Timothy Blauwkamp		Do Wnt proteins act on stem cells directly?   To address this question, we have developed methods to purify active Wnt proteins. During this work, we established that Wnt proteins are unusual, in that they are modified by fatty acids, making the Wnt protein very hydrophobic.  With the purified active Wnt in hand, we tested how the protein can be used to manipulate the behavior of stem cells in culture. These studies have borne fruit in several different stem cell areas, including in embryonic stem (ES) cells and mammary stem cells.  In these cases, we established that we can expand stem cells in an undifferentiated state, with full retention of specific differentiation capacities. The latter is revealed when the Wnt protein is withdrawn and the stem cells are transplanted in vivo. We have also established that Wnt protein is specifically required for preventing the differentiation that ES cells would undergo into epiblast-like stem cells which have different characteristics compared to embryonic stem cell. These findings have significant fundamental and practical implications, as one of the key questions in the stem cell field is how to control the decisions that these cells make to stay undifferentiated or to become committed.

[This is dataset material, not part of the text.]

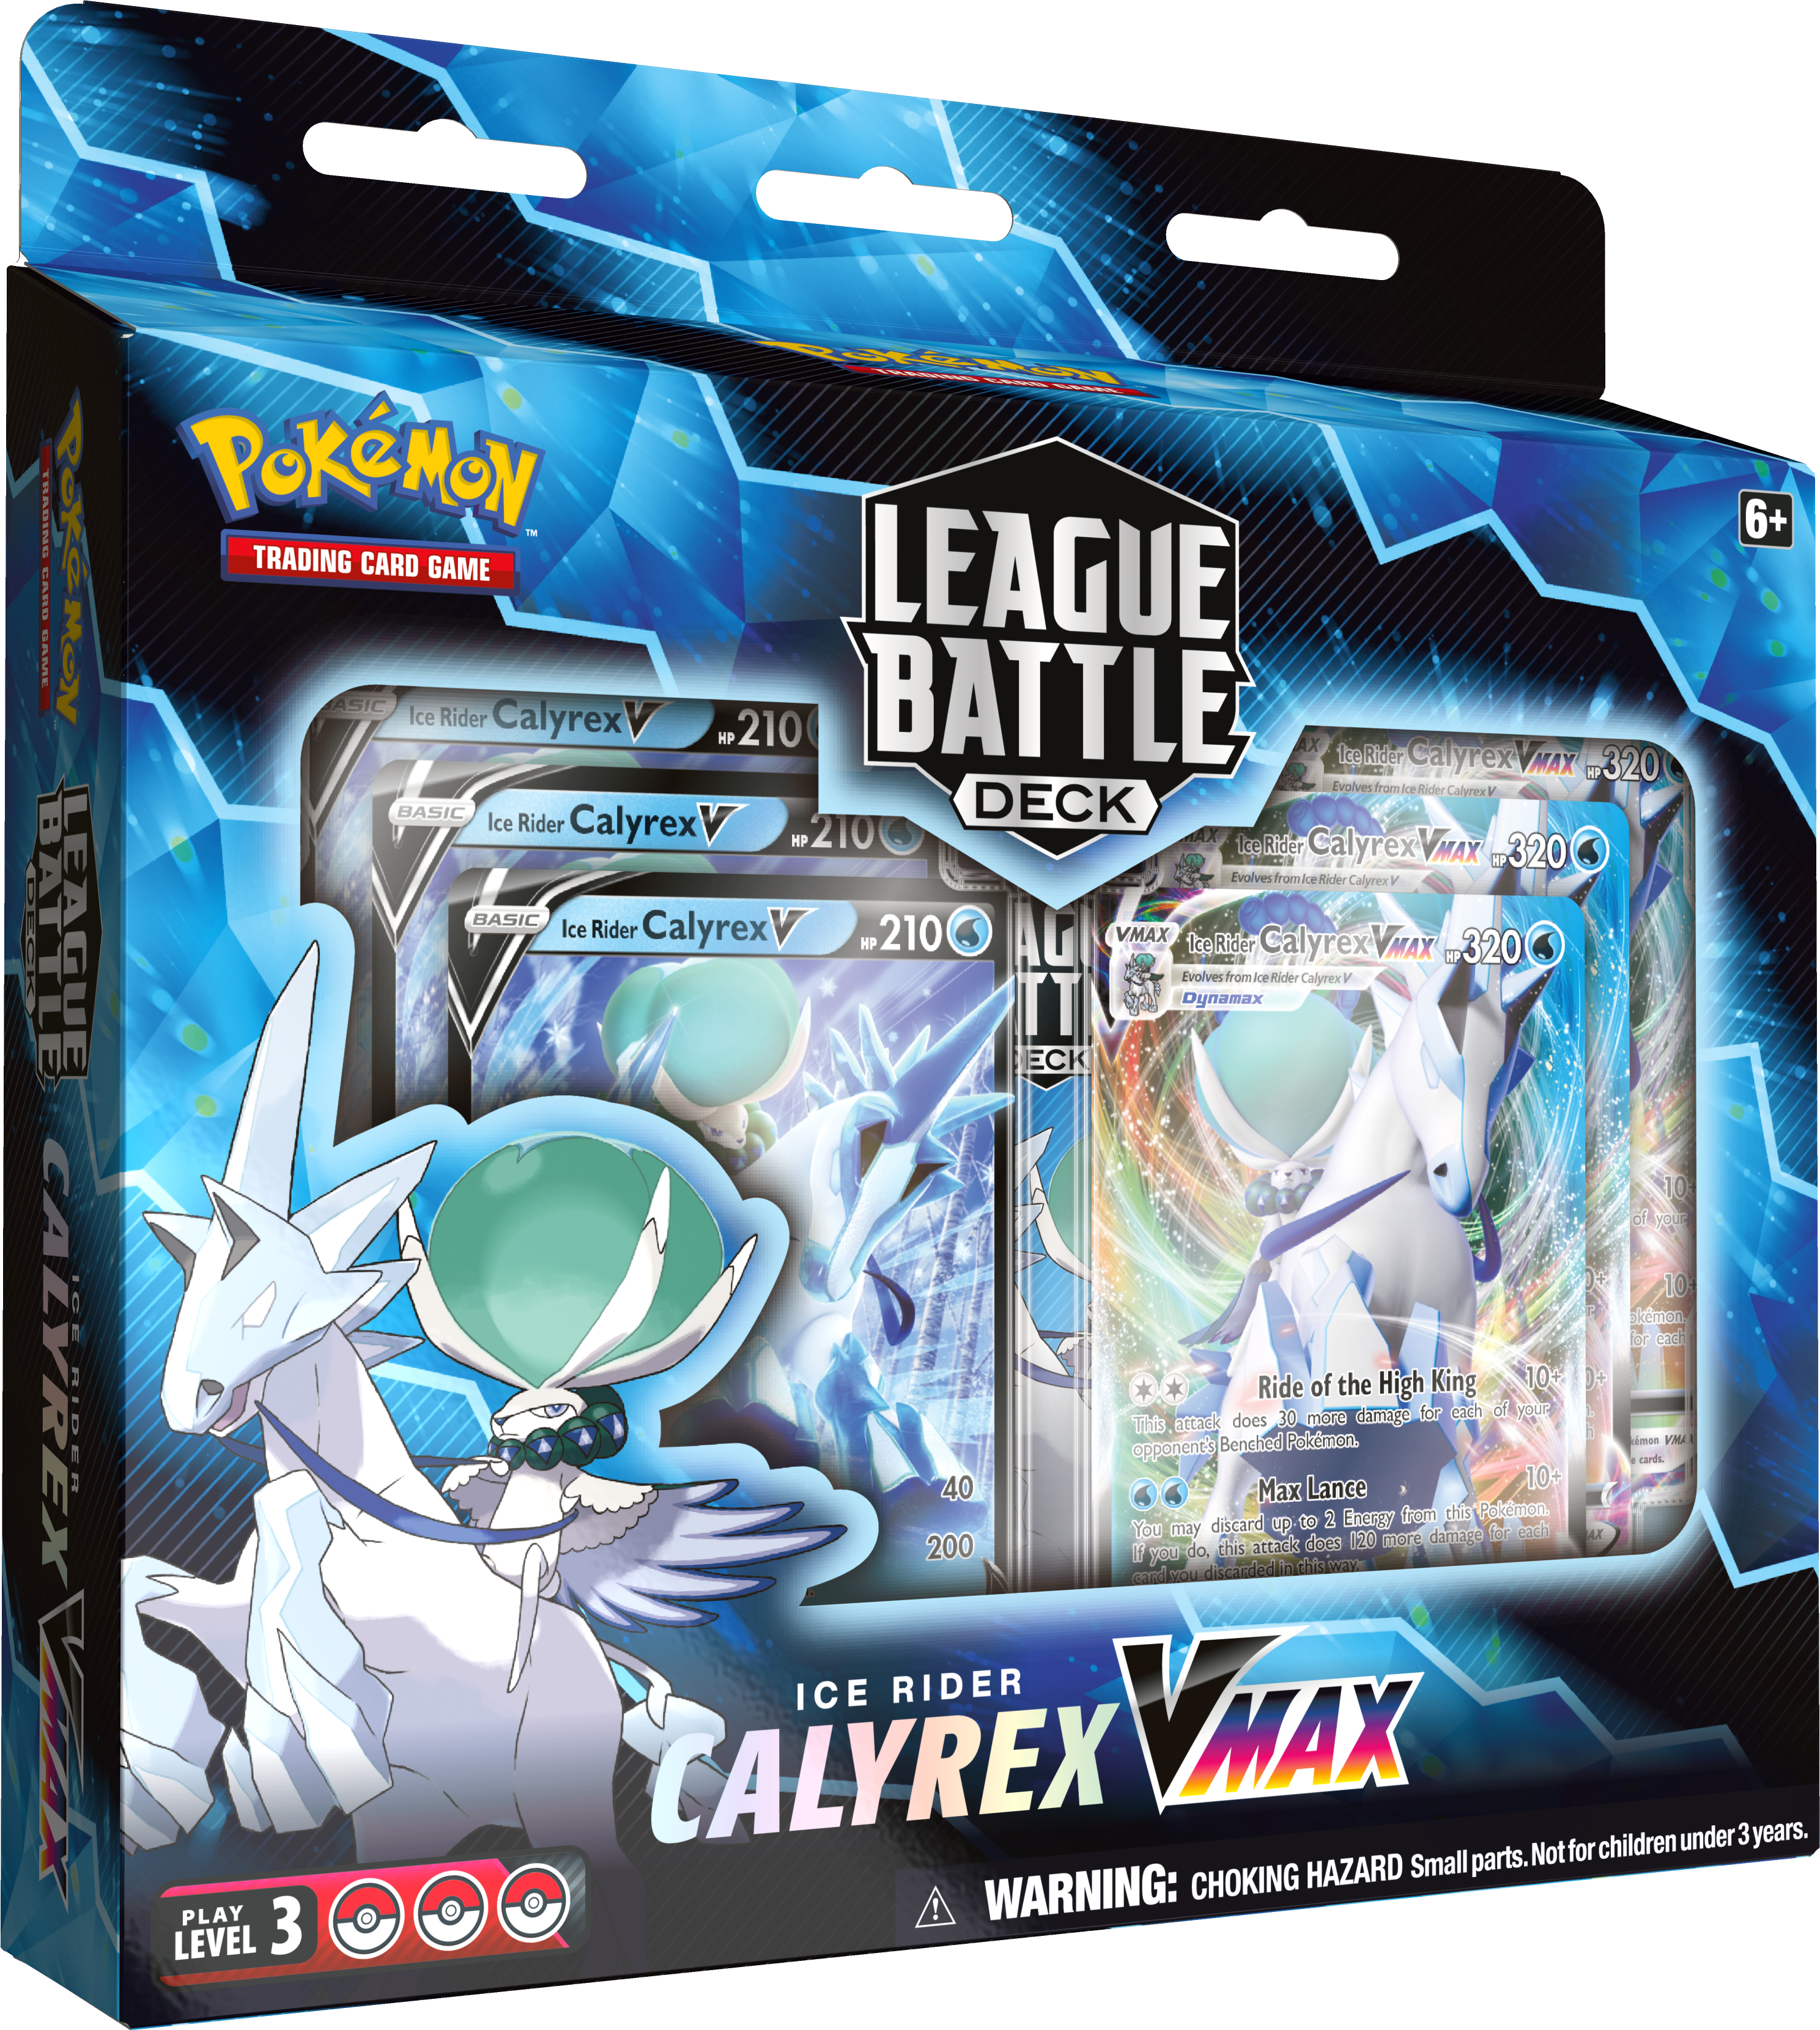 League Battle Deck - Ice Rider Calyrex (Ships by July 22nd)

Shukry Habib		Can Wnt proteins control asymmetric cell divisions?   To better understand how Wnt signals affect stem cell division, we study the direct effect of recombinant Wnt proteins on the division mode (symmetric vs. asymmetric) of purified populations of embryonic stem cells. We developed a novel strategy that directs the Wnt proteins to one specific side of the cell and therefore allows the induction of cell polarity. The division mode of the cell is monitored by time lapse imaging. Our data shows that a local source of Wnt proteins is sufficient to induce asymmetric division of mESCs. Furthermore, during the division, the cell in contact with the Wnt source maintains its pluripotency whereas the daughter cell that is farther from the Wnt source is prone to differentiate.